**REQUIRED ACTION**: Could you return the data that follows exactly, minus the images?

**STORED DATA**:
[Start of section]
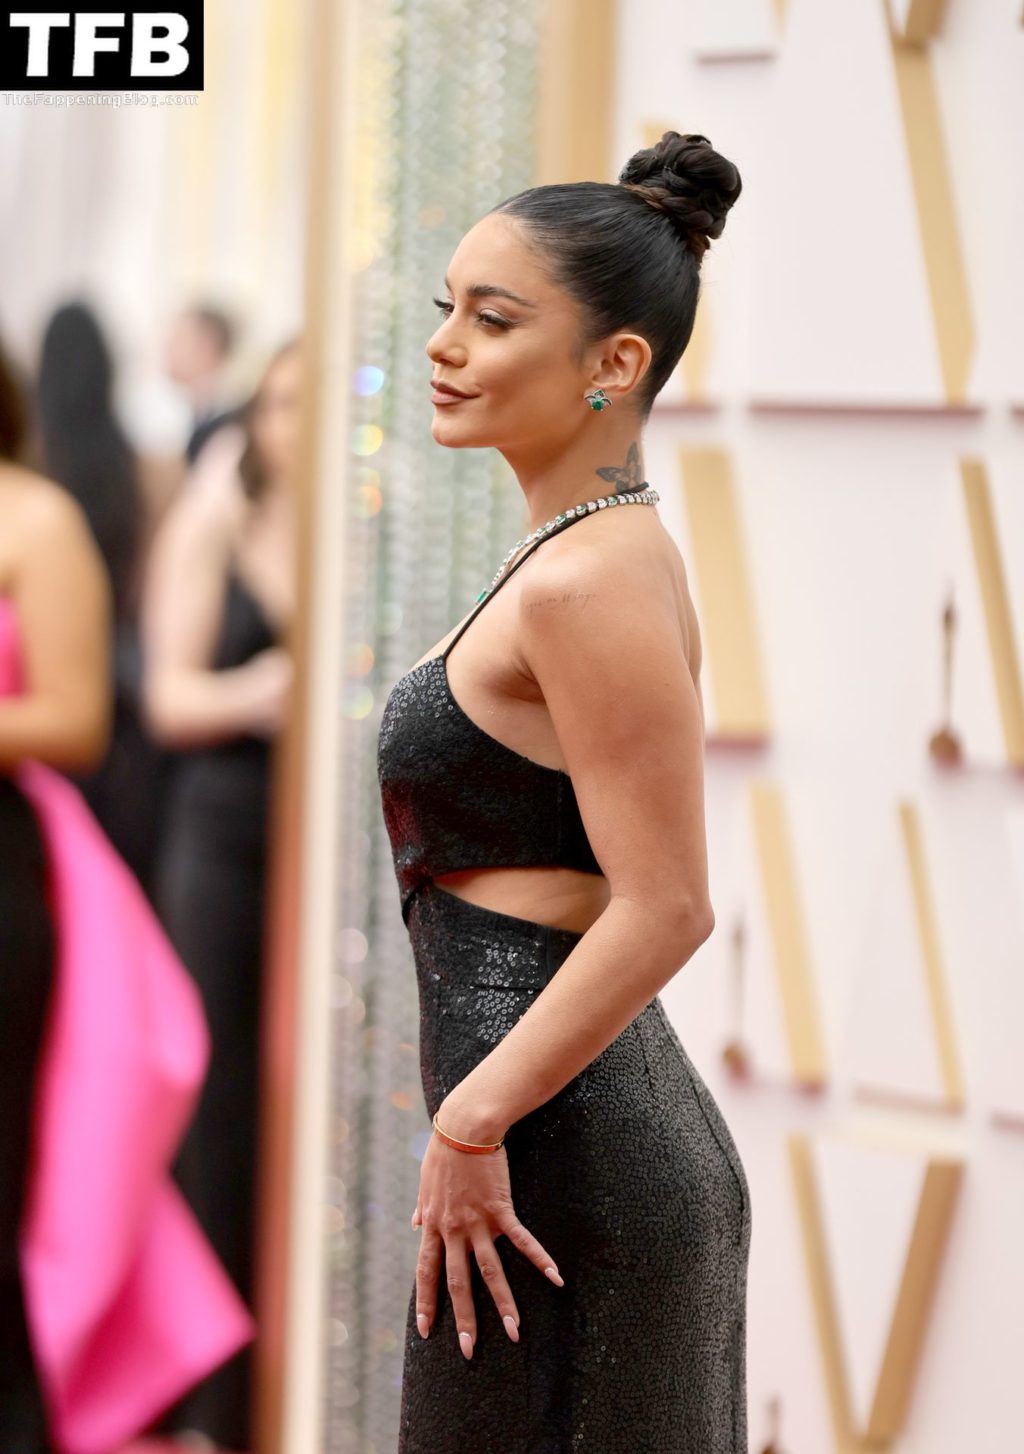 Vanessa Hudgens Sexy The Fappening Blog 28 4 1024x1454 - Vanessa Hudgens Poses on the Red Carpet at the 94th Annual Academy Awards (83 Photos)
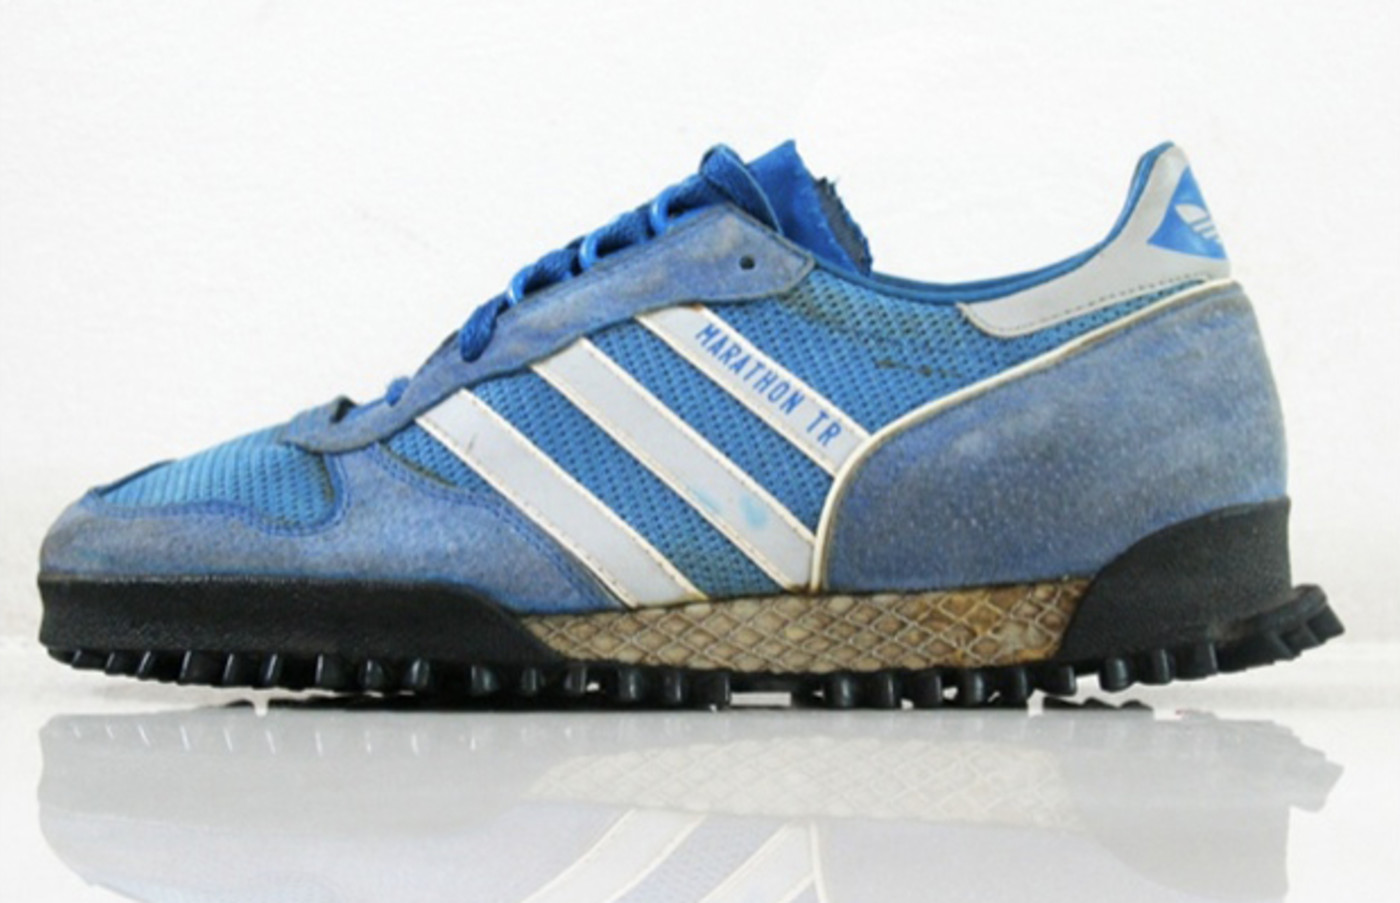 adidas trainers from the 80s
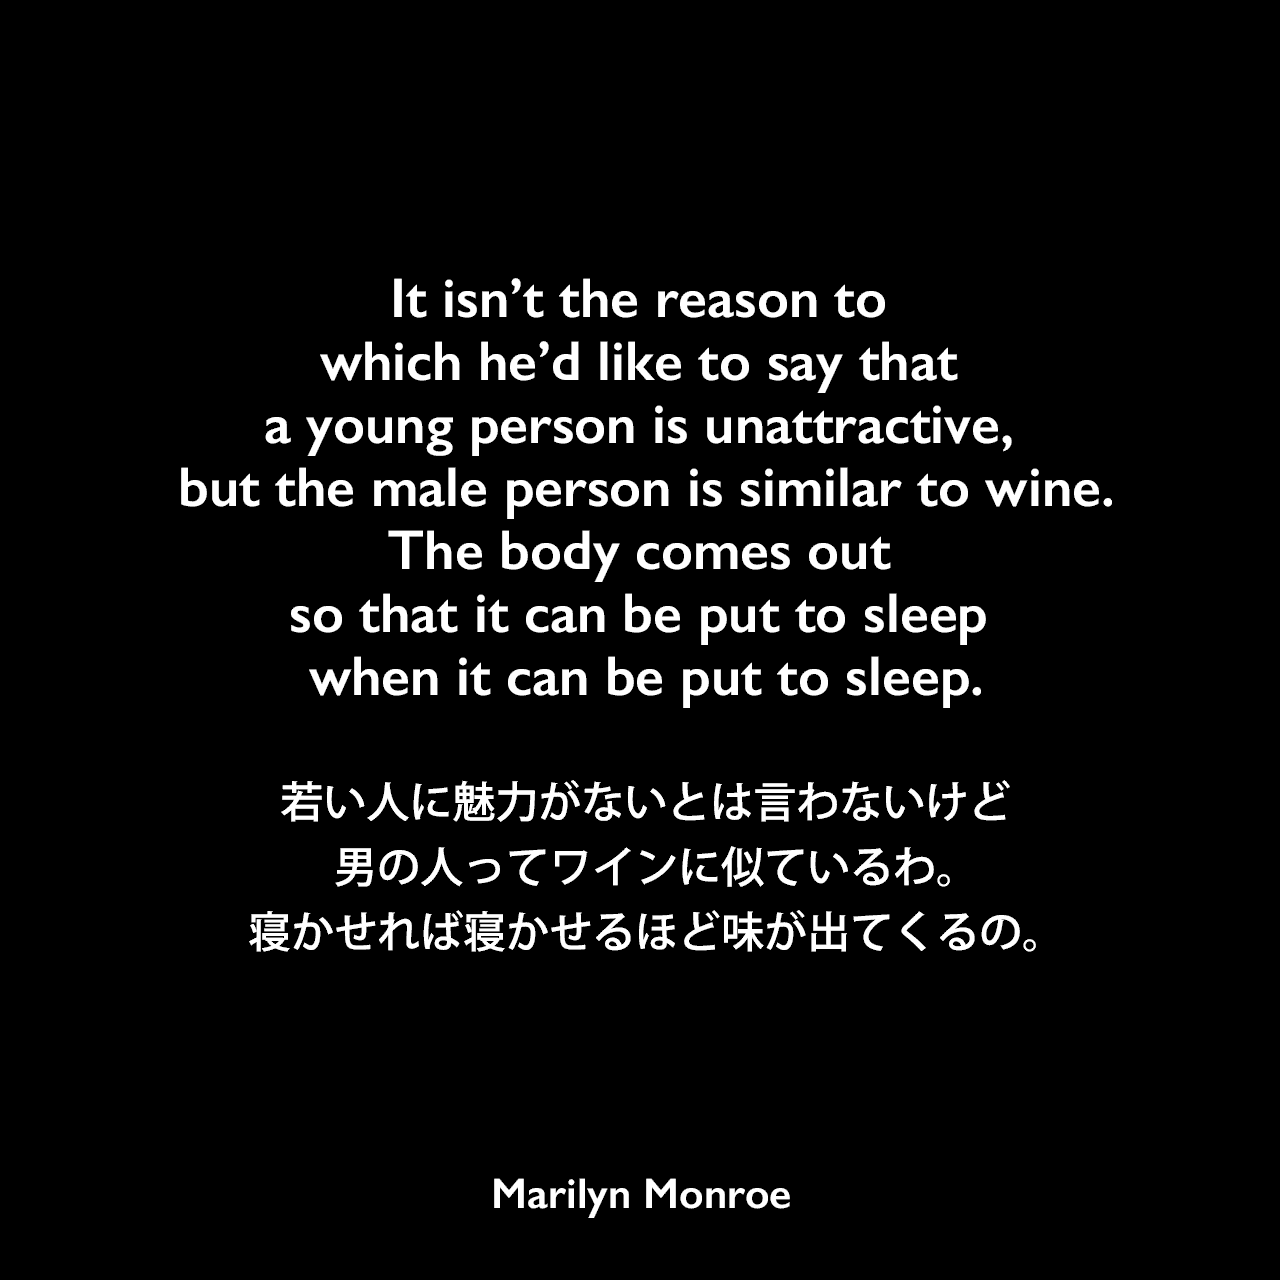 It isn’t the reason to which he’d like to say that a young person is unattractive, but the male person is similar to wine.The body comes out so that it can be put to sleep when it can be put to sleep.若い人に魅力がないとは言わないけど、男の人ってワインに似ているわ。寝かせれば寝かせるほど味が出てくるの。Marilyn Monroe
[End of section]
**RESULT OF THIS TASK**:
 Vanessa Hudgens Sexy The Fappening Blog 28 4 1024x1454 - Vanessa Hudgens Poses on the Red Carpet at the 94th Annual Academy Awards (83 Photos)
 adidas trainers from the 80s
 It isn’t the reason to which he’d like to say that a young person is unattractive, but the male person is similar to wine.The body comes out so that it can be put to sleep when it can be put to sleep.若い人に魅力がないとは言わないけど、男の人ってワインに似ているわ。寝かせれば寝かせるほど味が出てくるの。Marilyn Monroe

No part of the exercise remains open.